Some ideas have an interesting means for captivation: bridging synaptic gaps to offer the briefest — yet most powerful — visions of a reality yet unmanifested, but seemingly possible. In this honeymoon state, we face and interact with the idea in its purest form — yet unadulterated by the realities of the world as it is. If sufficiently powerful, an idea will eventually demand action from the idealist, after which point the imagined ideal retreats at precisely the rate of the action taken towards its fruition. What eventually comes to manifest is a movable frontier falling somewhere between the imagined ideal and the world’s pre-idea absence. Though imperceptible to all but the idealist, the honeymoon phase is of infinite value; often coming to serve as the sole driving force behind the ongoing slog towards fruition. A honeymoon is best not rushed nor disregarded, but embodied and appreciated for its temporary bliss, and potential power.

With all that, I would say that Danny W. and I had an exceptional honeymoon. Through the exploration and conceptualization of our shared idea, we nagivated spaces yet unimagined; taking time to form the skeletal structure of a new ideal before jumping into action. At the end of this honeymoon; at the intersection of ideal and action, we found a brutally simple, unmistakably powerful mission: feed people food

Those three words provide the barest of bones behind the idea that has been stoking a fire within Danny W. and me for weeks now. Though obviously simple, the idea’s true beauty arises from its nuance and complexity. See, Danny and I don’t just want to feed people food; we want to serve free food to people for free. We want to take that which is inherently valuable (food) but presently valueless (market leftovers; damaged and unsellable produce), and turn it into something beneficial for our community (delicious, free meals). The honeymoon vision told us it can be done. And why not?

But still, the beauty lies within the detail. We want these meals to be free, and open to all, but with a promotional focus on the food insecure and most vulnerable within our community. And we imagine dignity and empowerment at the point of service. See, the term I’ve been stuck with in early conversations is “soup kitchen,” but that does little justice: conjuring notions of the “us” serving the “them” in settings often dehumanizing; offering dignifying only to those who serve, while stripping dignity from the served. Our idea is an aesthetic space, in which greeters welcome the guests at the door, usher them to a tableclothed, candlelit table, and allow them to look at a menu prior to service. The meals will include numerous entree options and dessert, and consist of the finest free ingredients our community can offer; including a heavy focus on fresh, seasonal vegetables and homestyle dishes.

Beneath the surface layer of feeding people food, however, the true value of the idea comes from a different dimension altogether: community. See, as this meal will be open to all community members, and the guests will be welcomed to sit pre-meal, and post-meal in advance of dessert, conversational space will be opened to friends and strangers alike. Thus, different factions of our community can come together, share a meal, and learn about each other at no cost to anyone, besides a bit of time. And maybe, just maybe, a certain proportion of our guests will be moved to service, and seek positions helping out at meals in the future, breaking down the barriers between the “us” serving the “them.”

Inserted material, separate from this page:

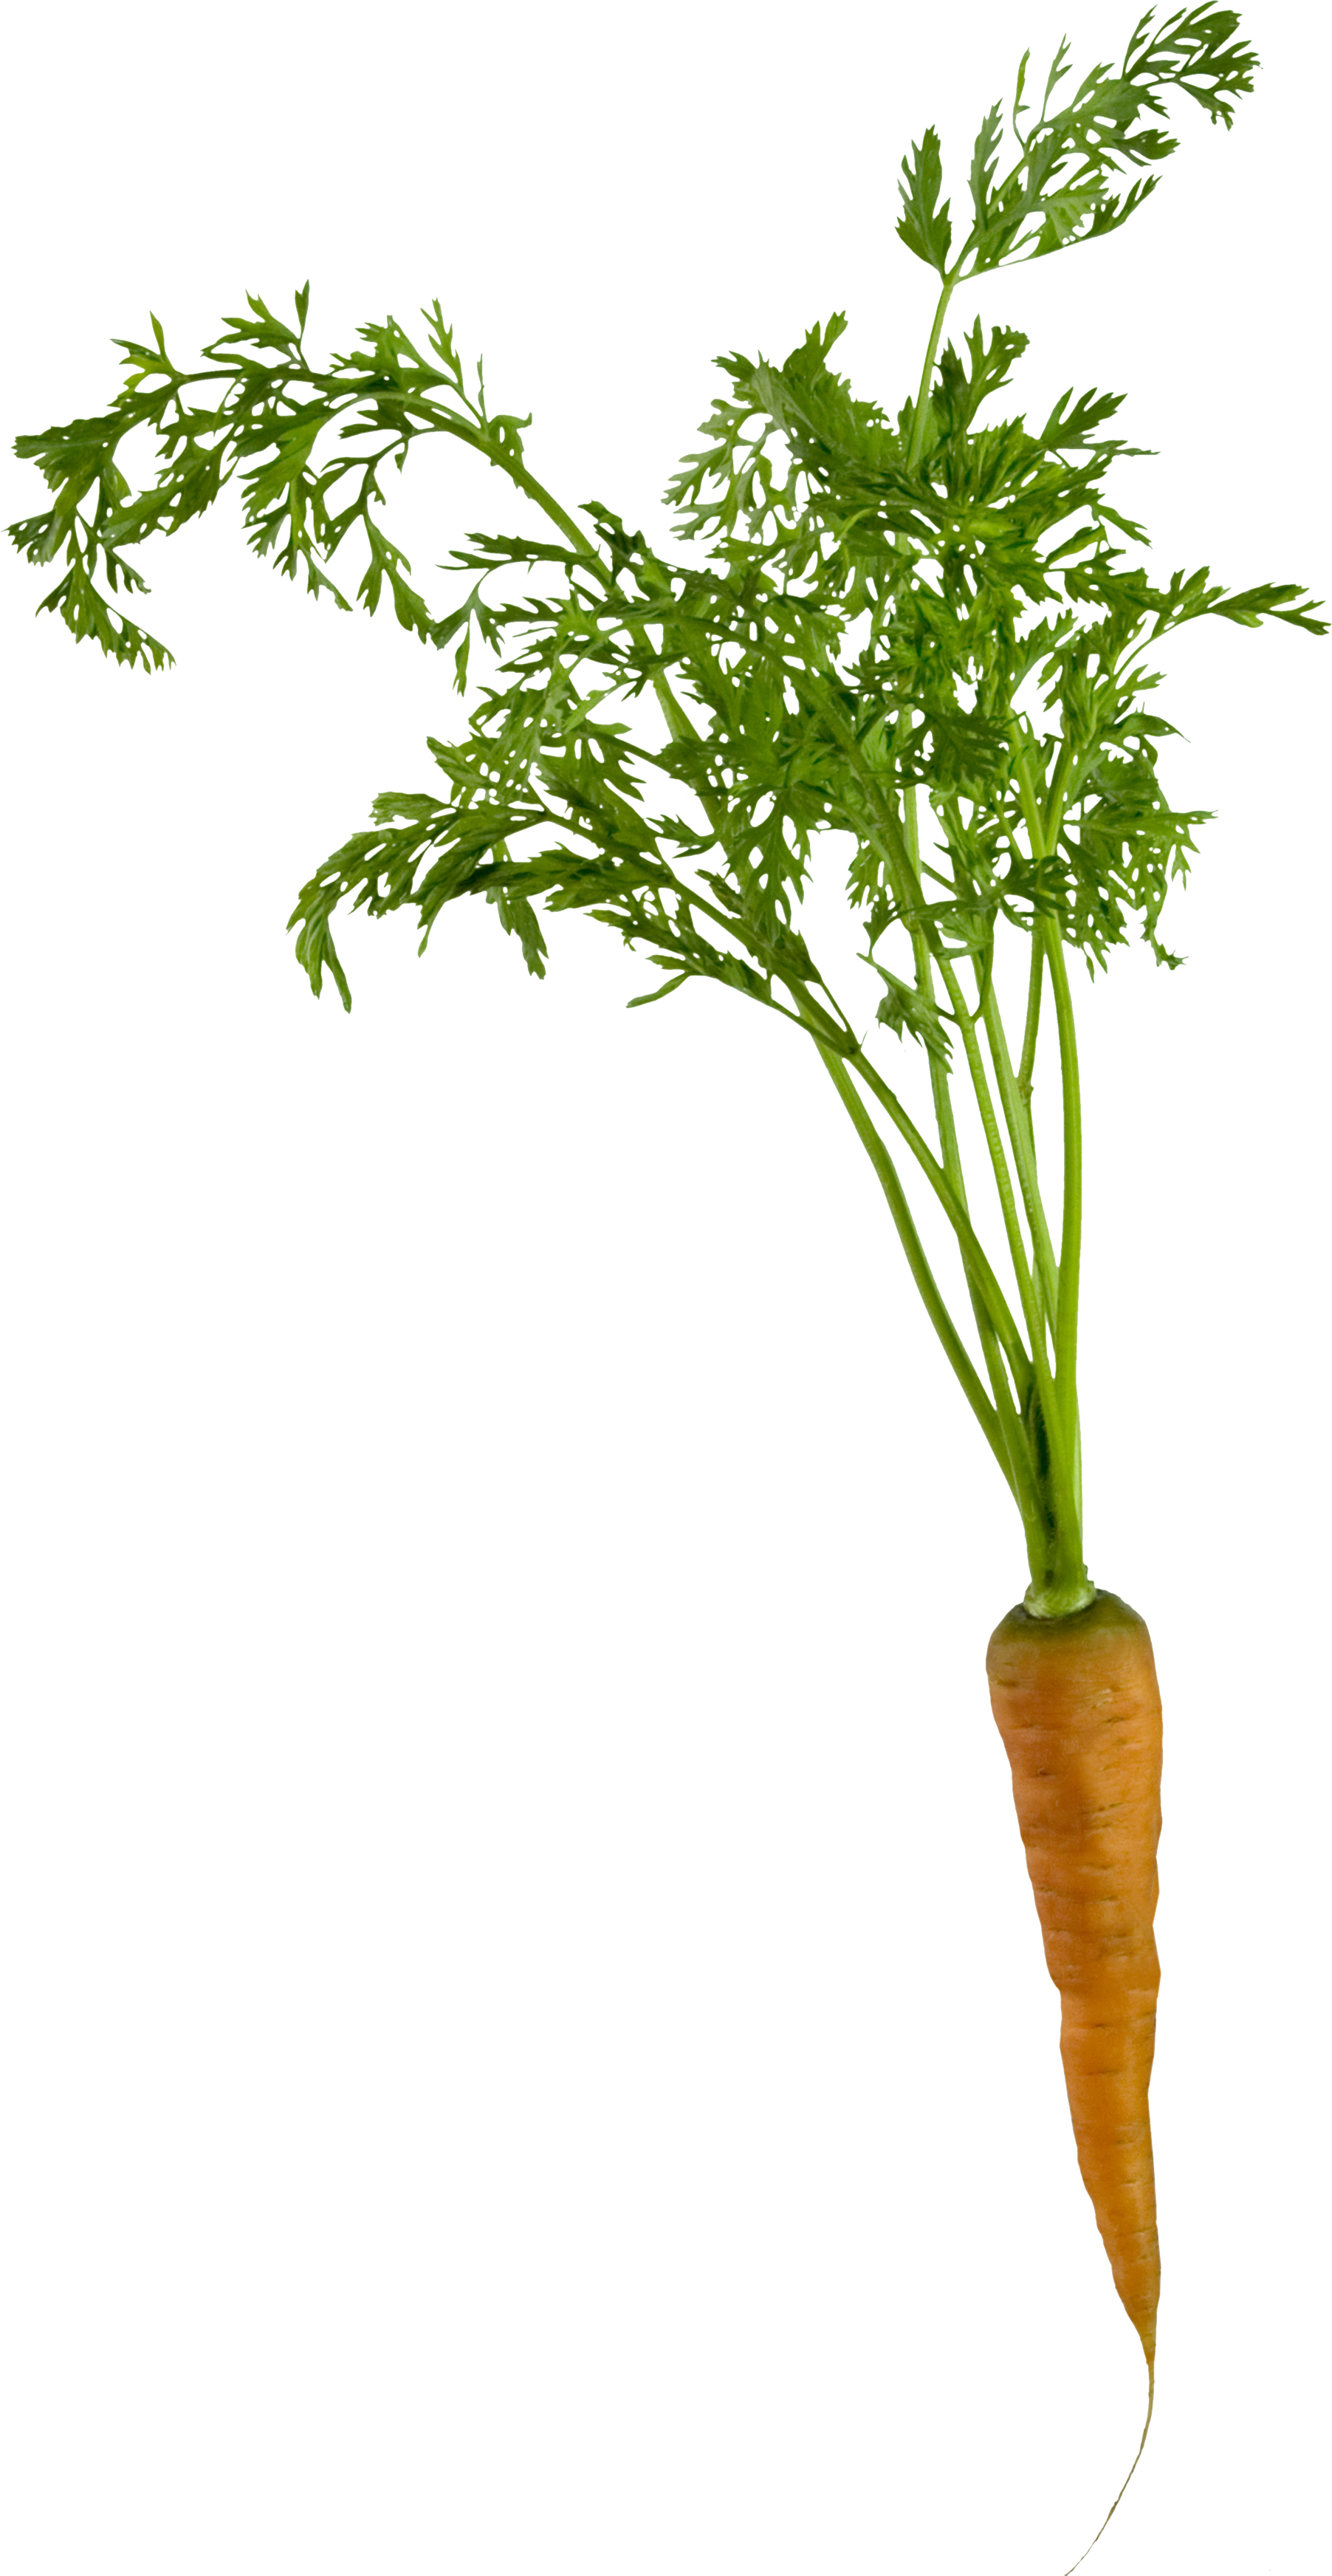 Вид сверху прозрачное изображение моркови

So, that’s the short version of our honeymoon flush. Having reached enough shared meaning and vision, we’ve got to work. Feeding people food requires actually getting the food, which requires logistical conversations with farmers, and lots and lots of preservation. Cooking requires a kitchen, and serving requires a dining room, so the search for an adequate space is in full force. All this cooking and service requires some manpower, so volunteer recruitment is picking up. But I really, really believe that it can be done. I think we can do it once; and I think we can do it again. I think we can create something which does not presently exist, based on no existing structure but for the one in our minds during the all-powerful honeymoon.